Problem to solve - Every line of the listing below from the one with "doane-college-logo-orange.png" up to and including the one with "Application makeup visual" should be retyped exactly, and nothing else; pictures are not part of the copy.

-------- Record excerpts --------

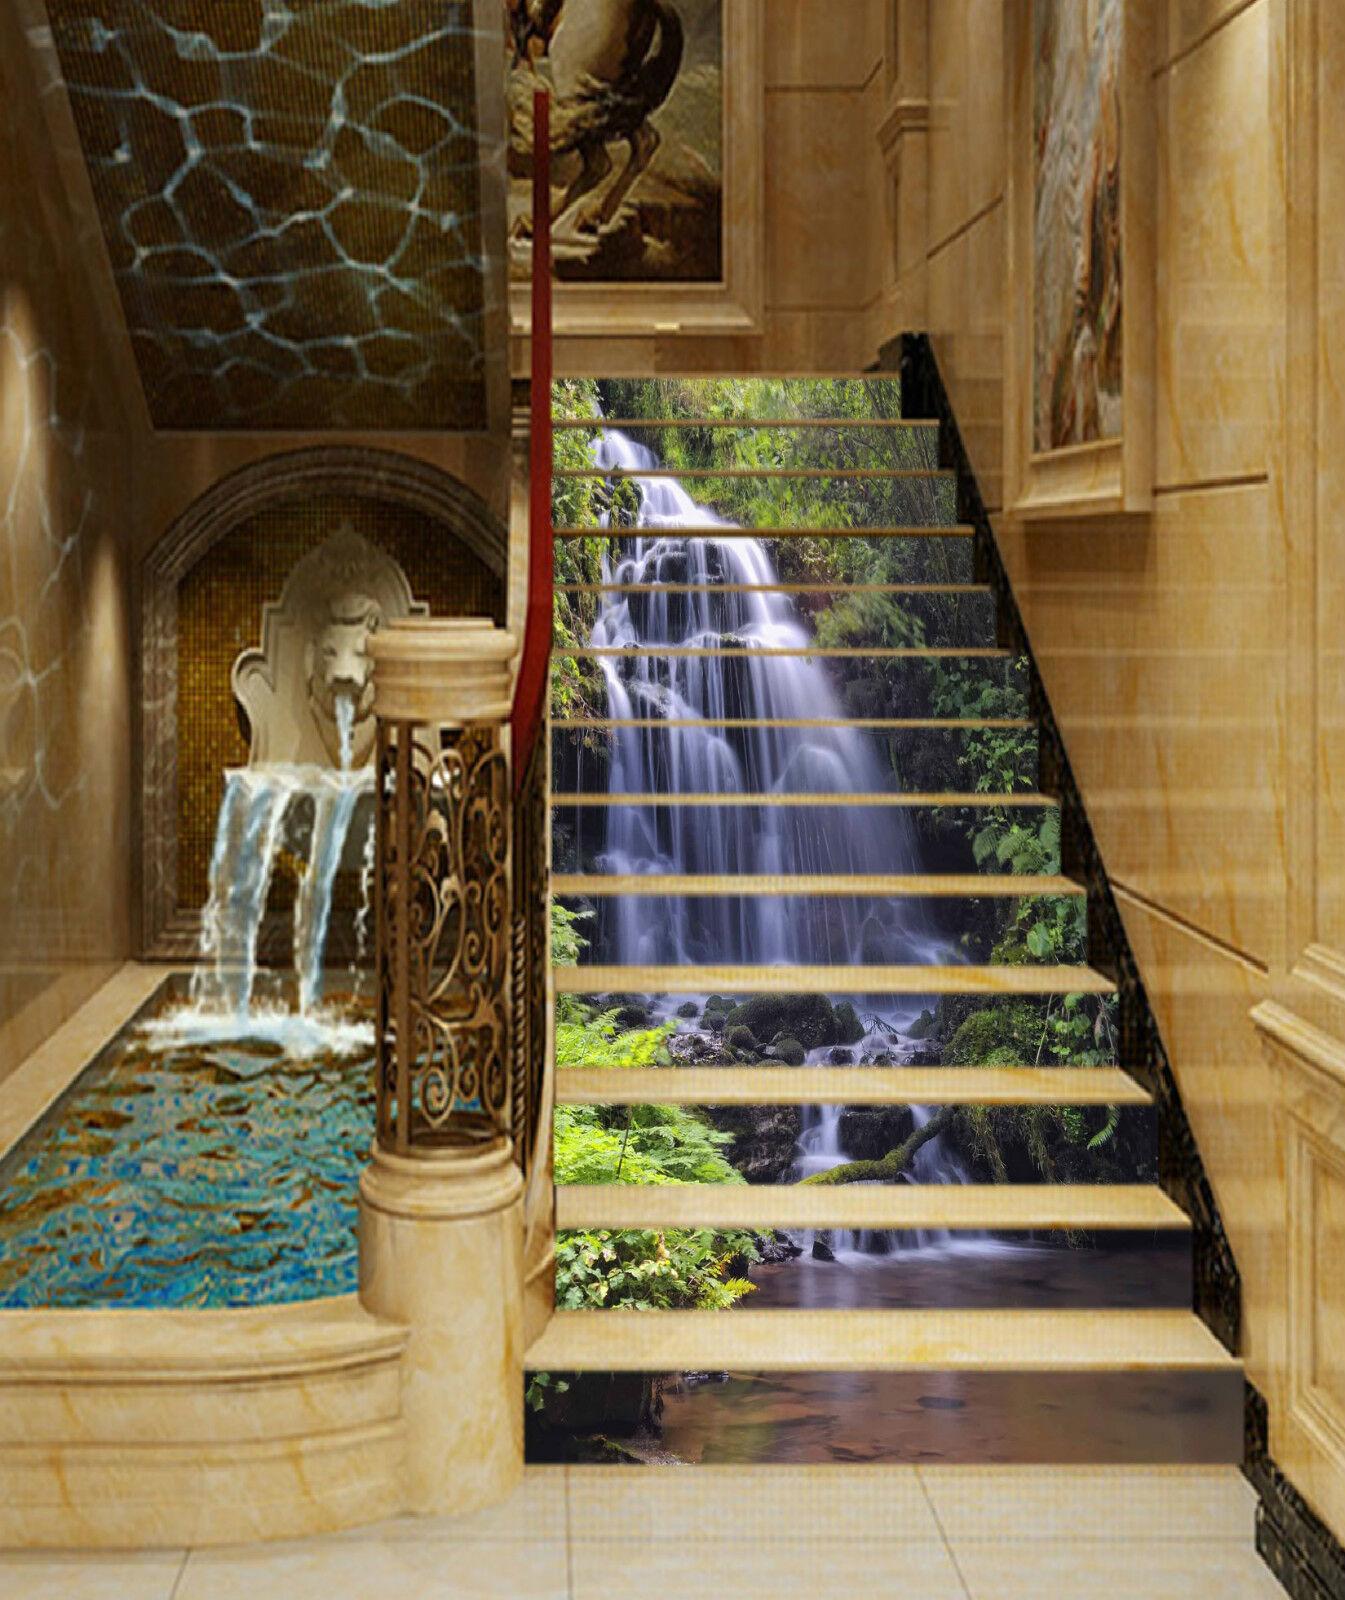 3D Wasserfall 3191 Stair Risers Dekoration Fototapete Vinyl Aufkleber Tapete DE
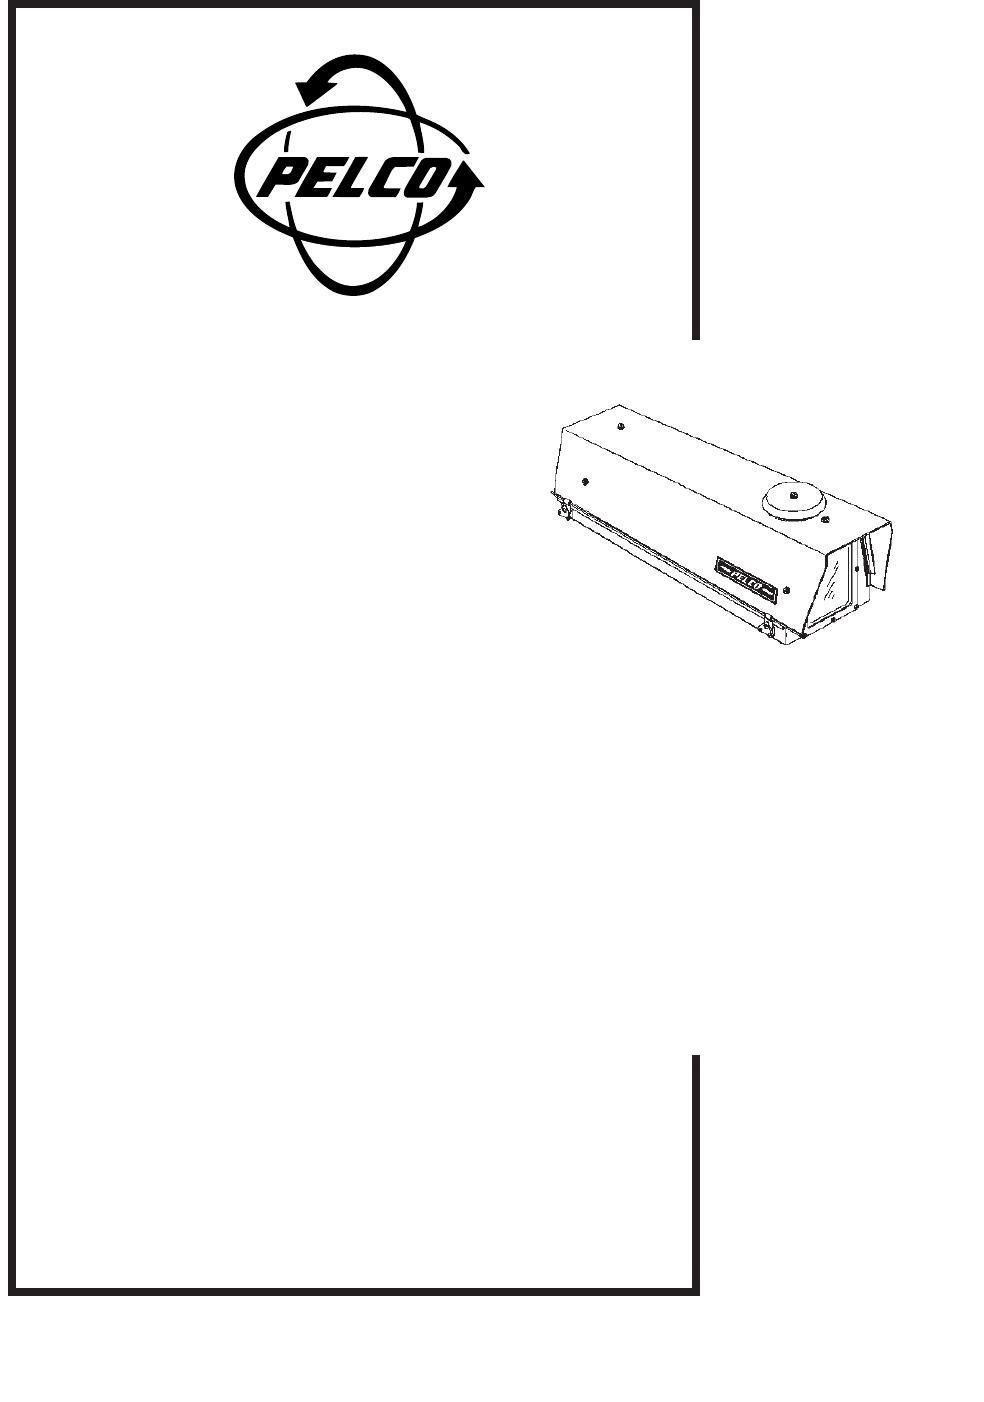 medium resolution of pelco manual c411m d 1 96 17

--------
-------- Record excerpts --------

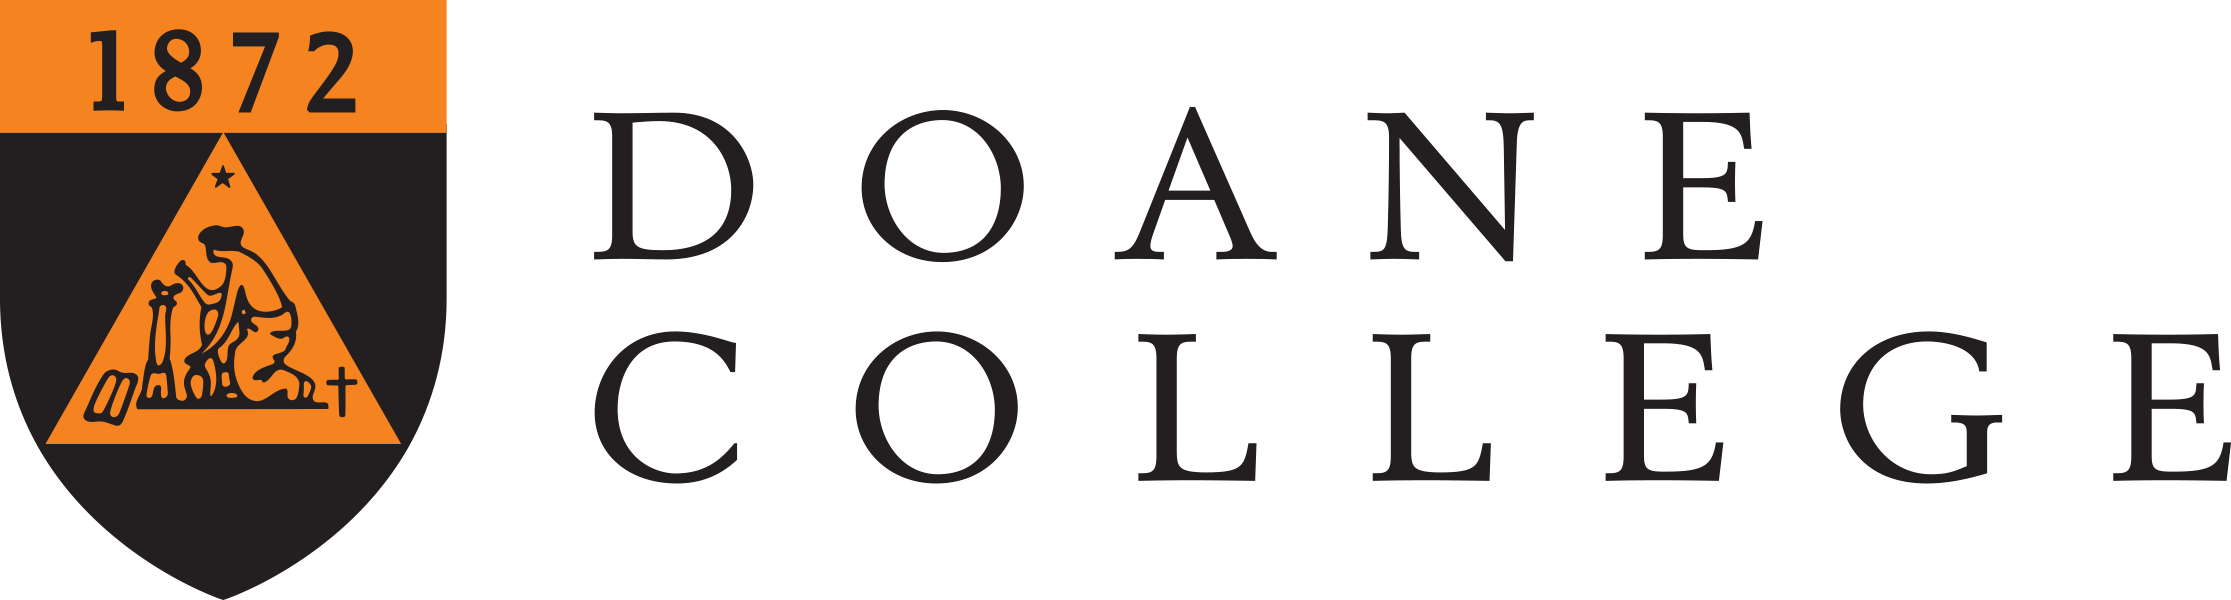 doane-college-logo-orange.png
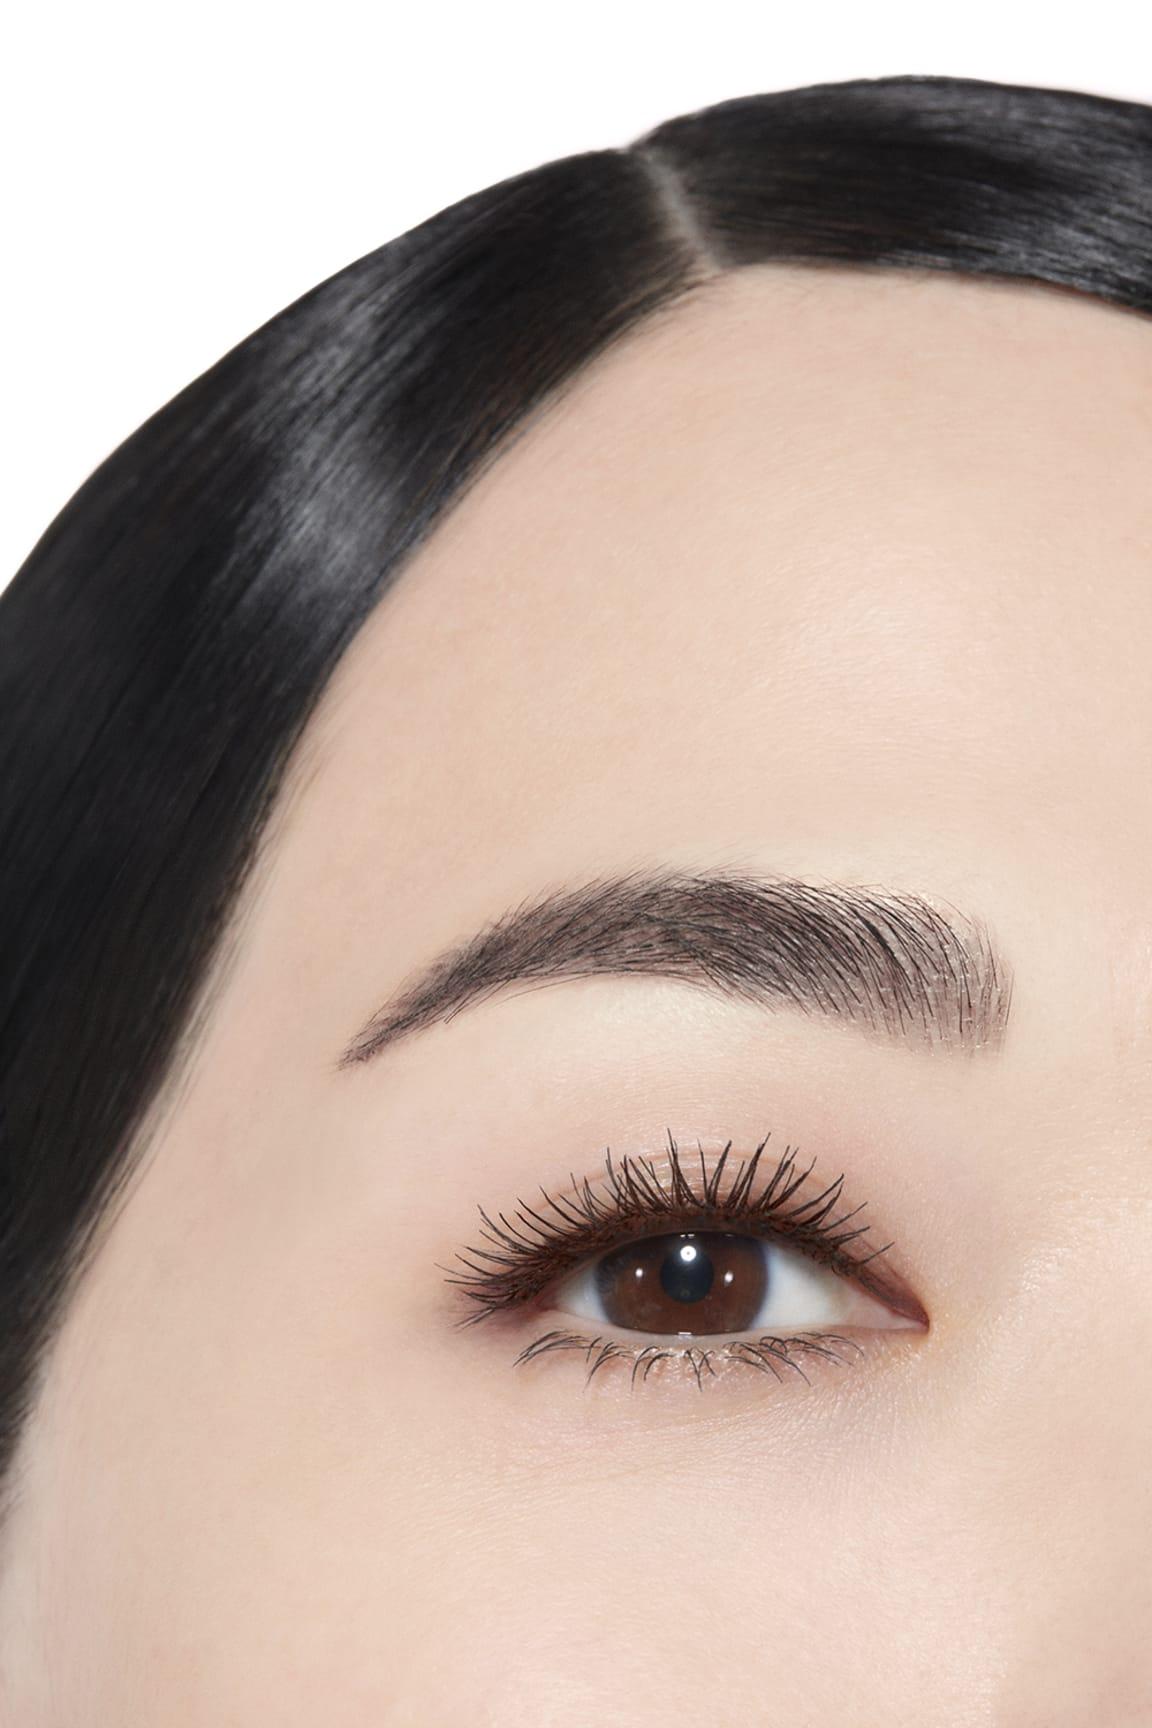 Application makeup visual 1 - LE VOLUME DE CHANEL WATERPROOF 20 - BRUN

--------

Solution below -
 doane-college-logo-orange.png
 Application makeup visual 1 - LE VOLUME DE CHANEL WATERPROOF 20 - BRUN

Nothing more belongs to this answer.